- Opening Delimiter -

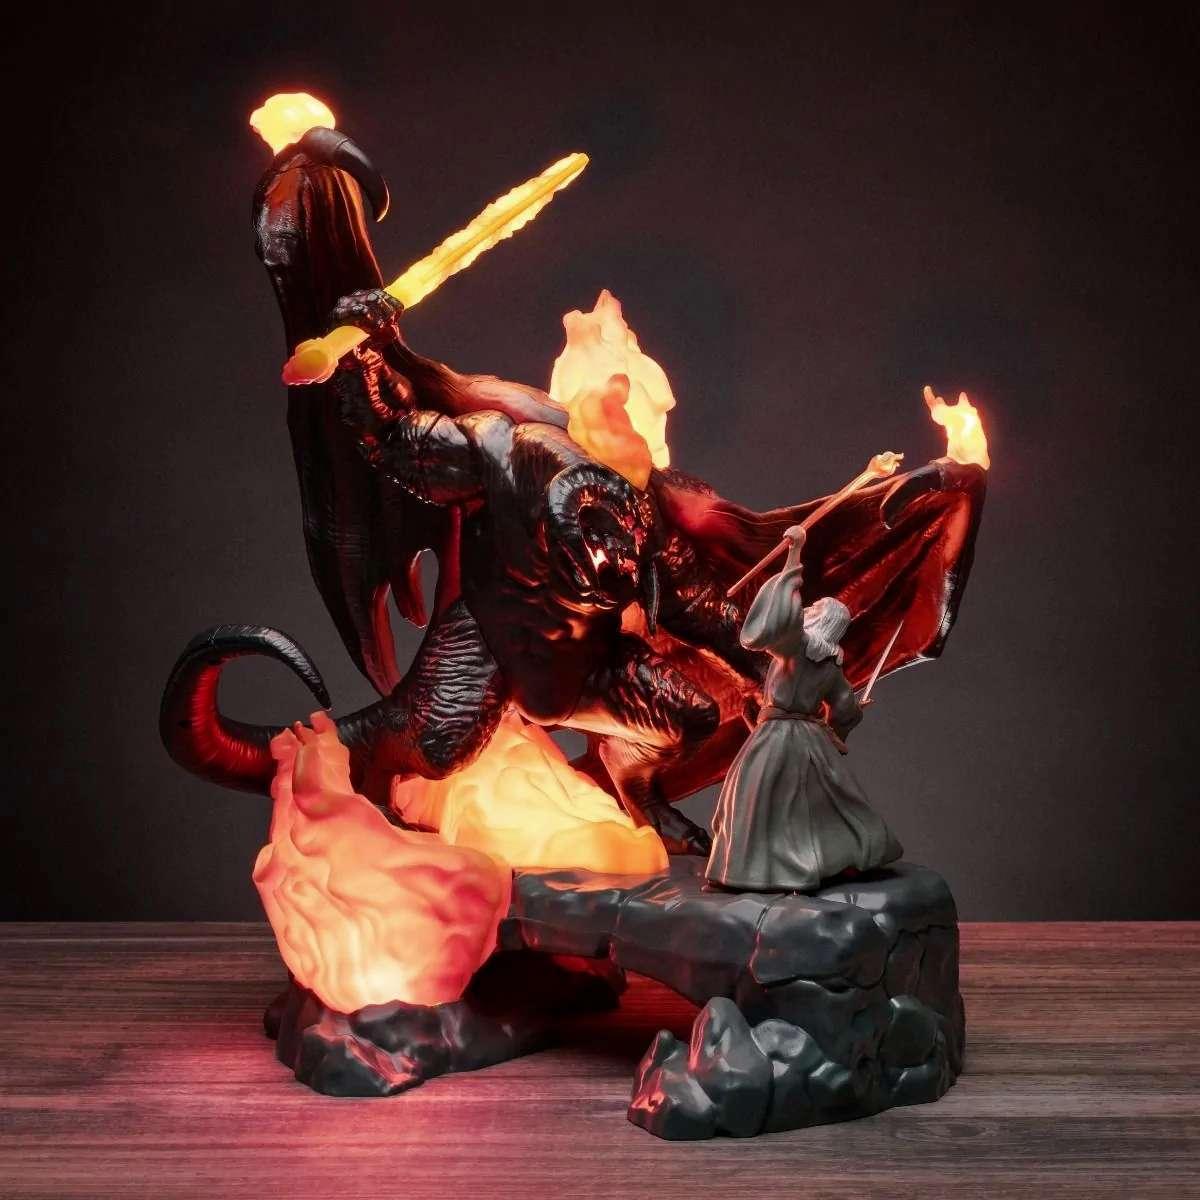 lotr-gandalf-vs-balrog-diorama-light
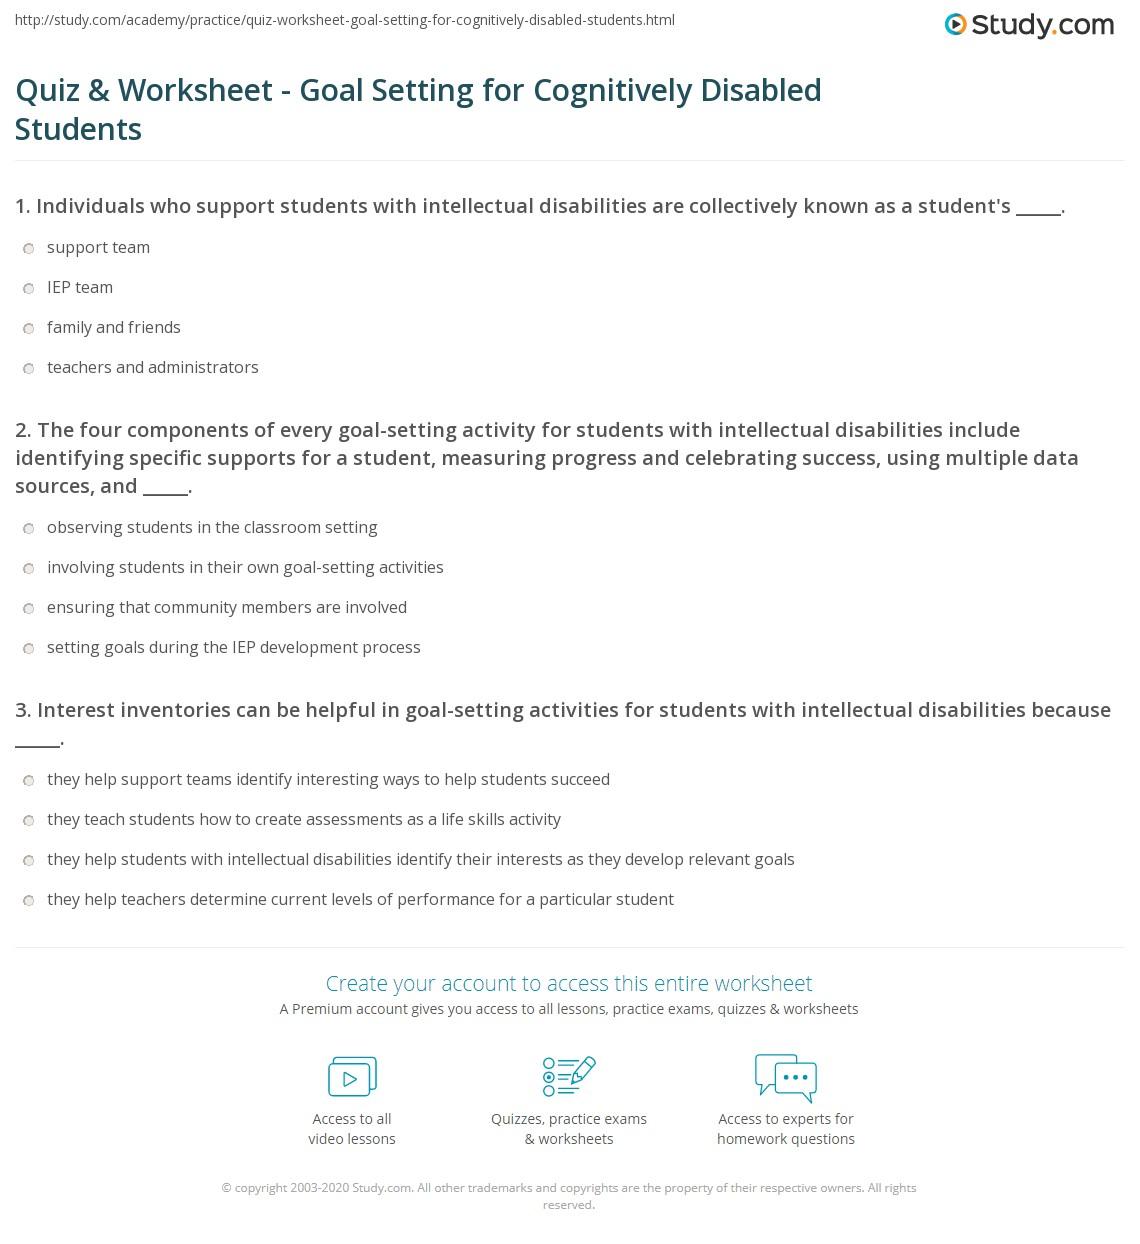 Quiz Worksheet Goal Setting For Cognitively Disabled Students
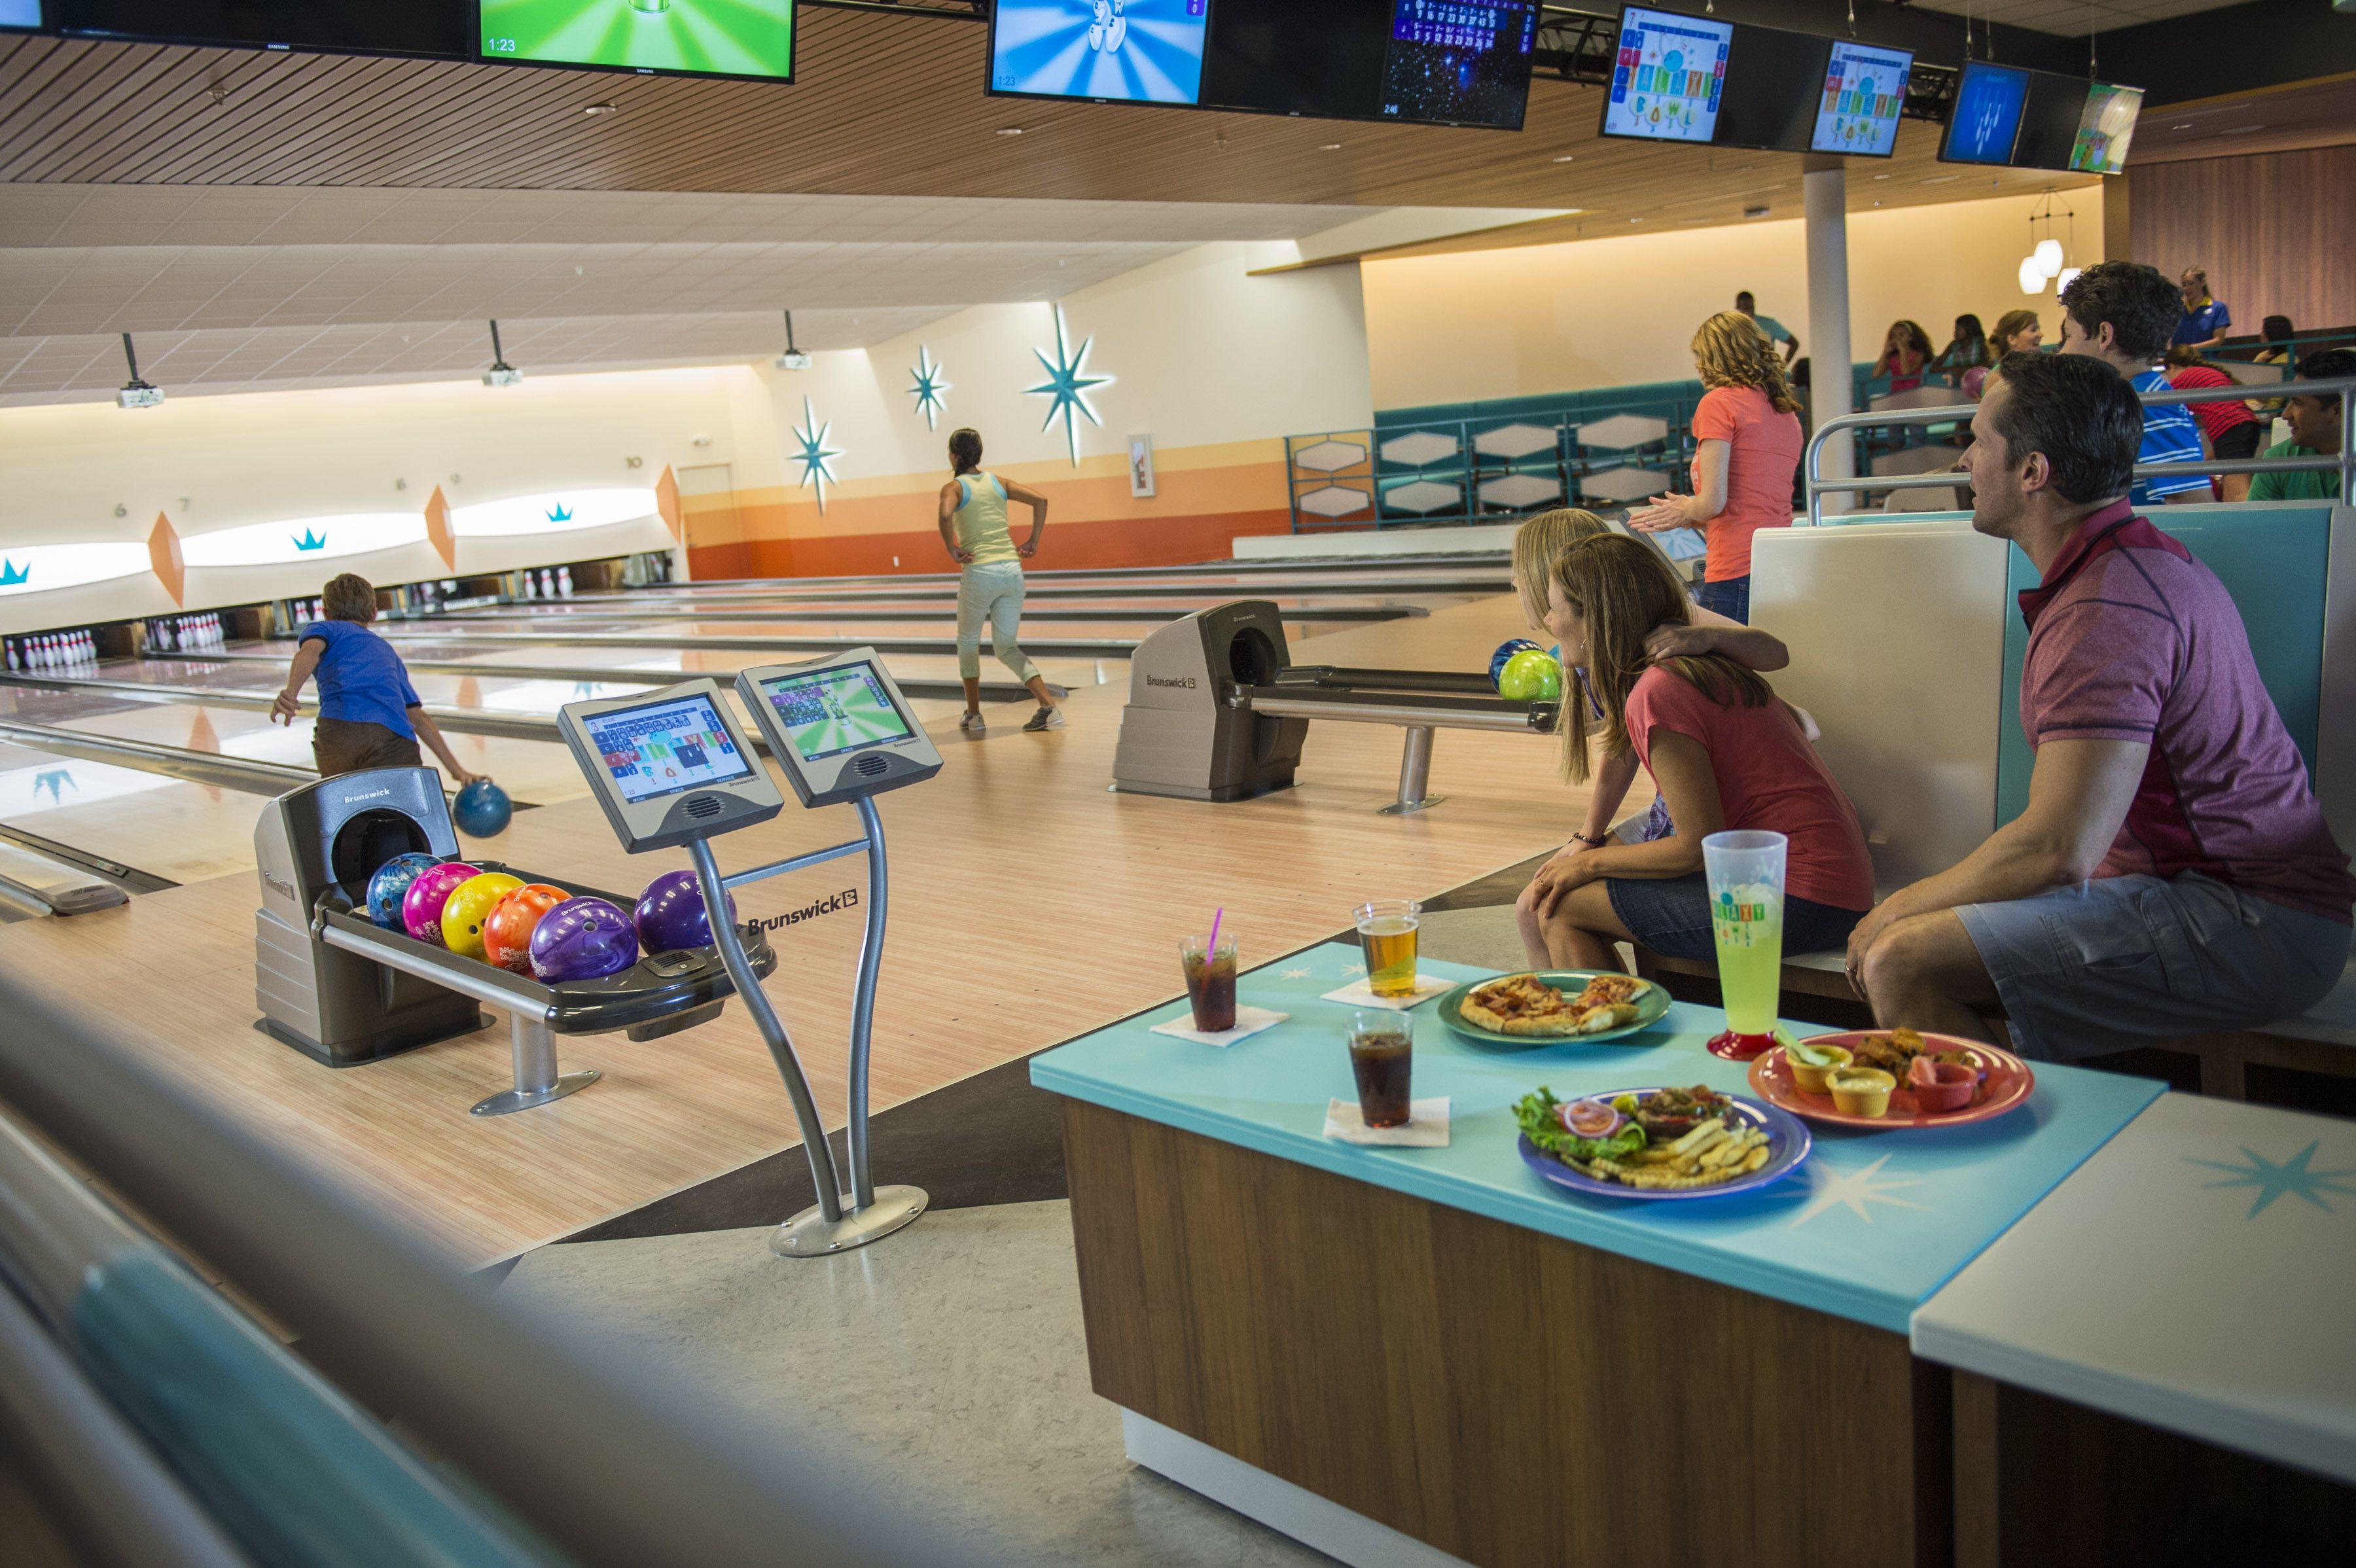 Family enjoying Universal Orlando's Cabana Bay Galaxy Bowling.

- Closing Delimiter -

→ EXERCISE PROMPT
Print the material word for word; images are to be left out.

→ RESULT OF THIS TASK
 lotr-gandalf-vs-balrog-diorama-light
 Quiz Worksheet Goal Setting For Cognitively Disabled Students
 Family enjoying Universal Orlando's Cabana Bay Galaxy Bowling.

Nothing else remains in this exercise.